INPUT FOR THIS TASK START
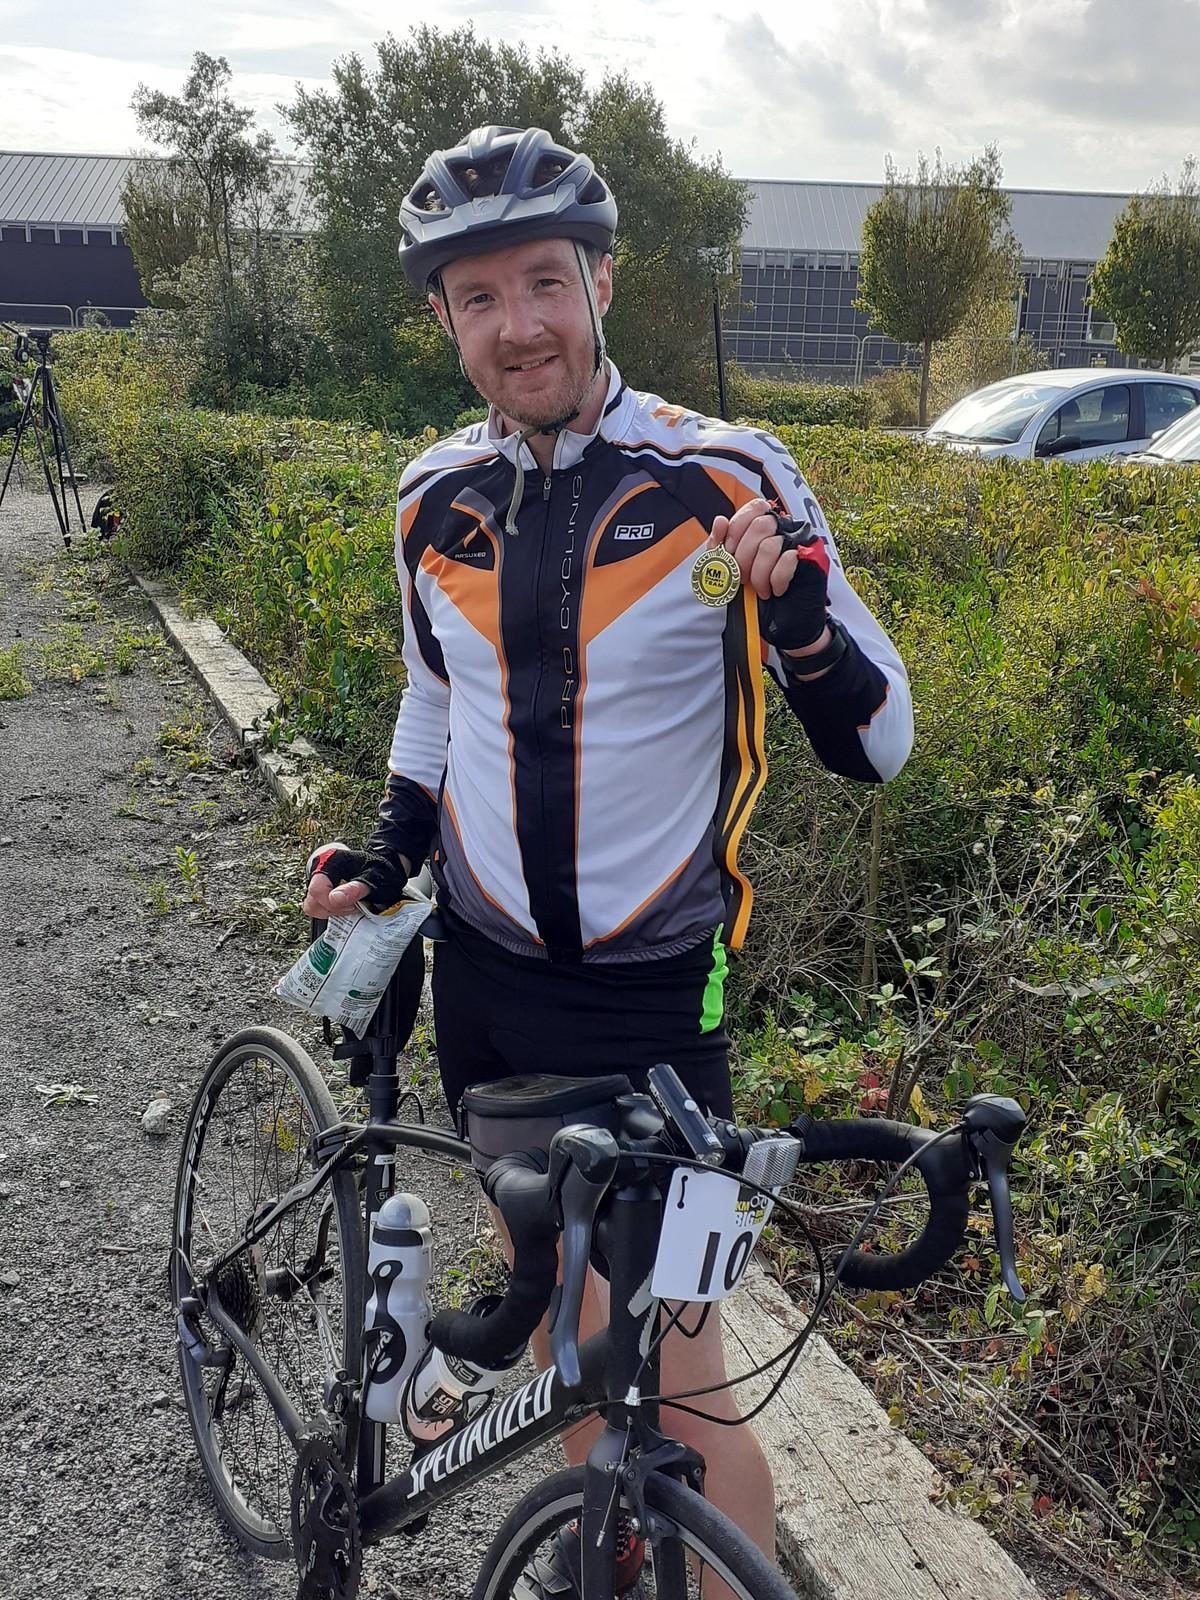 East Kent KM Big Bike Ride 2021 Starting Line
INPUT FOR THIS TASK END
INPUT FOR THIS TASK START
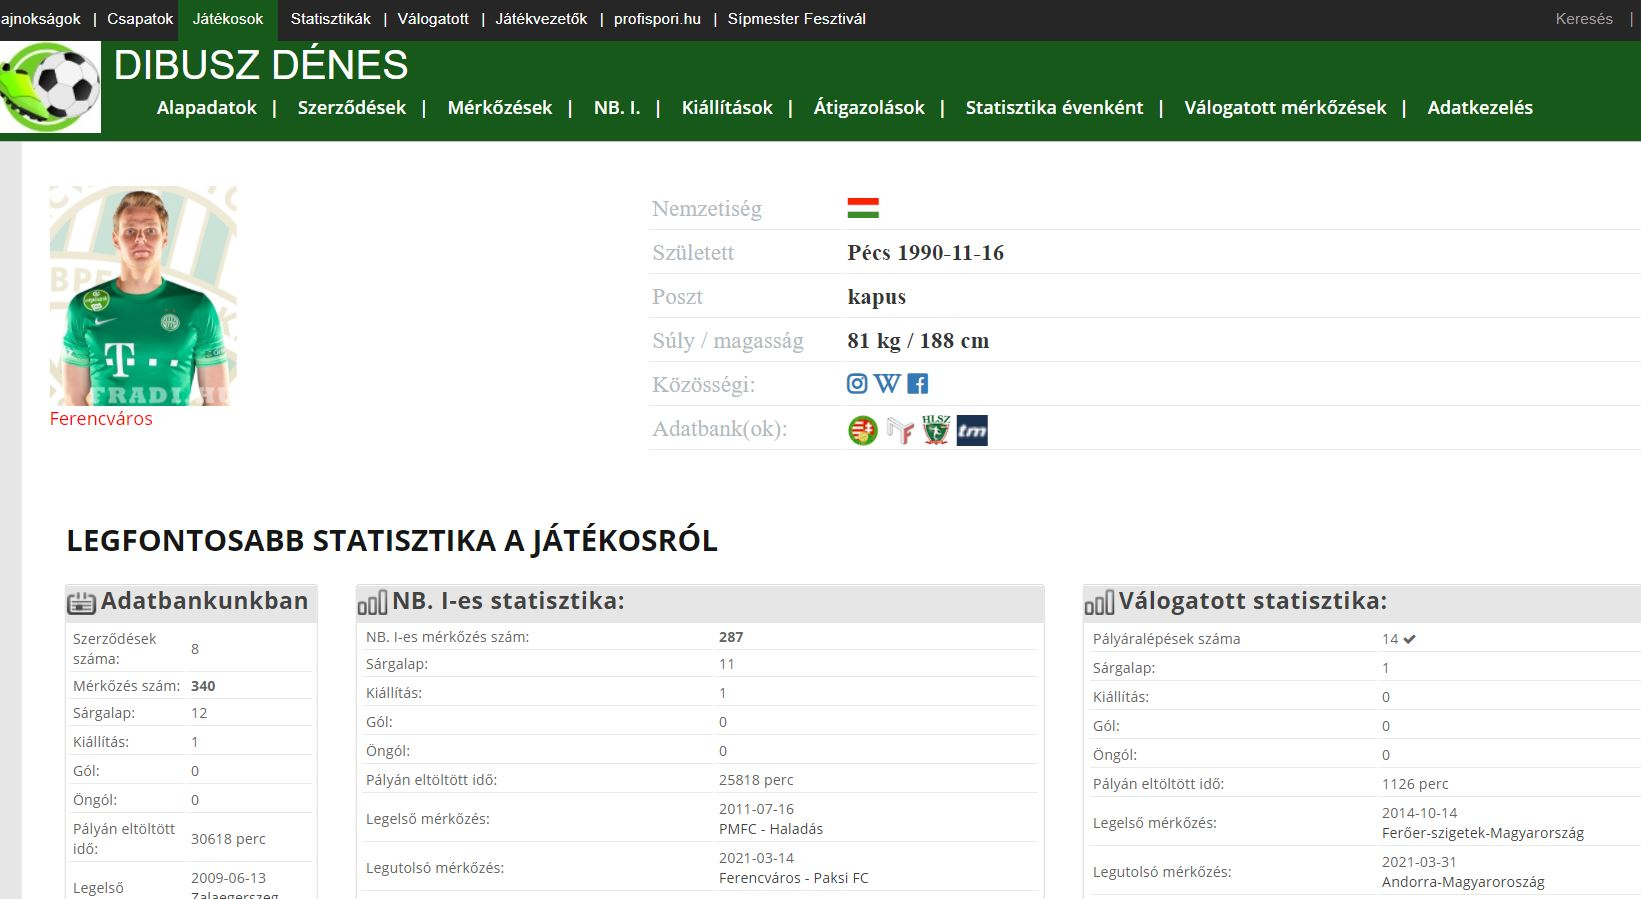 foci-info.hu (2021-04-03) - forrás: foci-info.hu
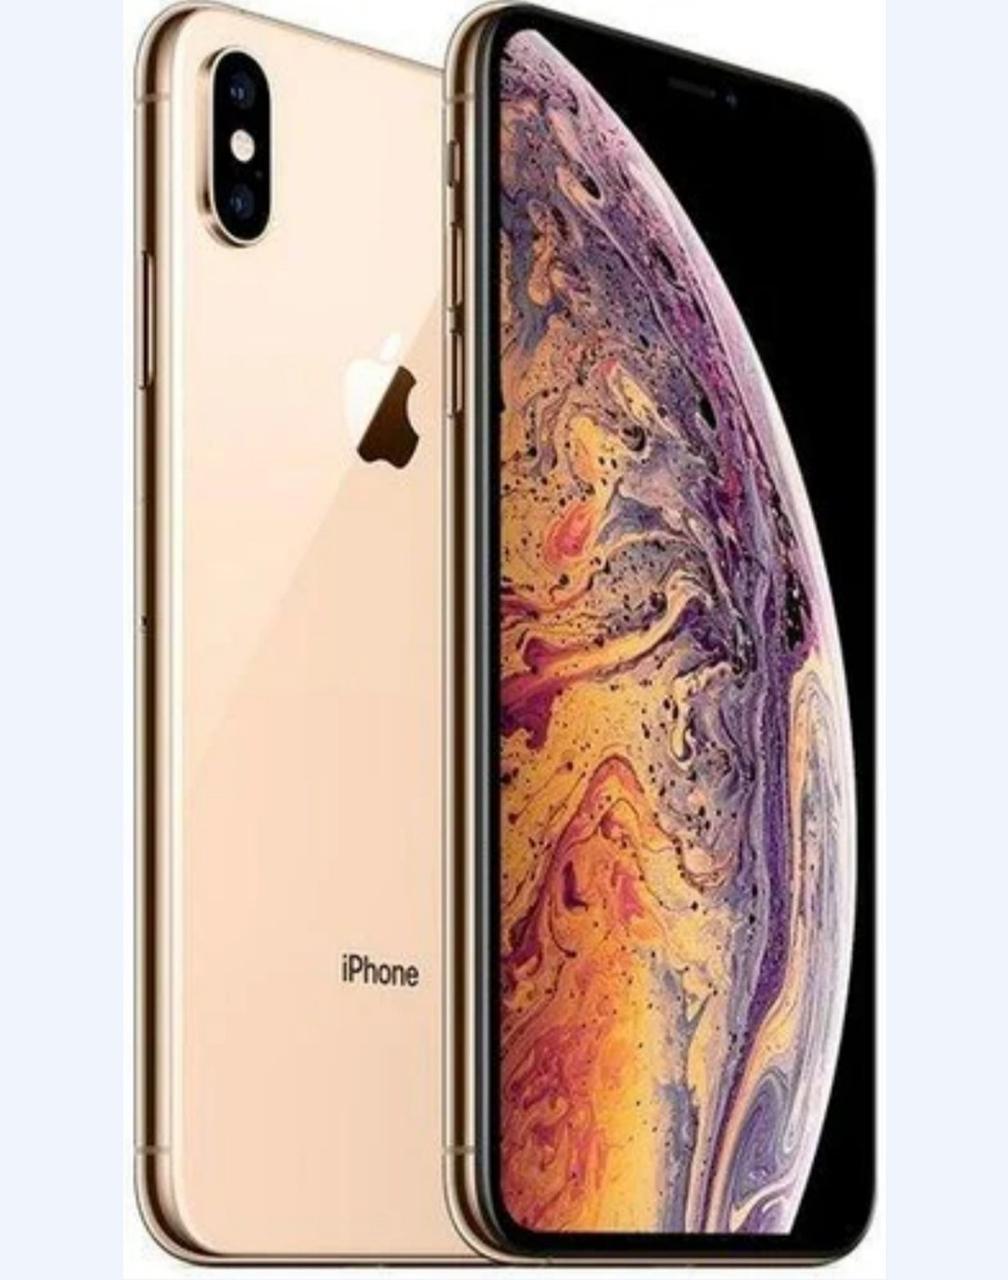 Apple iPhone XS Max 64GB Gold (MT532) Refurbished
INPUT FOR THIS TASK END
__EXERCISE PROMPT__.
Copy the lines above exactly, starting at the one with "foci-info.hu (2021-04-03) - forrás: foci-info.hu" and ending at the one with "Apple iPhone XS", both included. Leave out any pictures and add nothing else.

__ANSWER TO THE EXERCISE__.
 foci-info.hu (2021-04-03) - forrás: foci-info.hu
 Apple iPhone XS Max 64GB Gold (MT532) Refurbished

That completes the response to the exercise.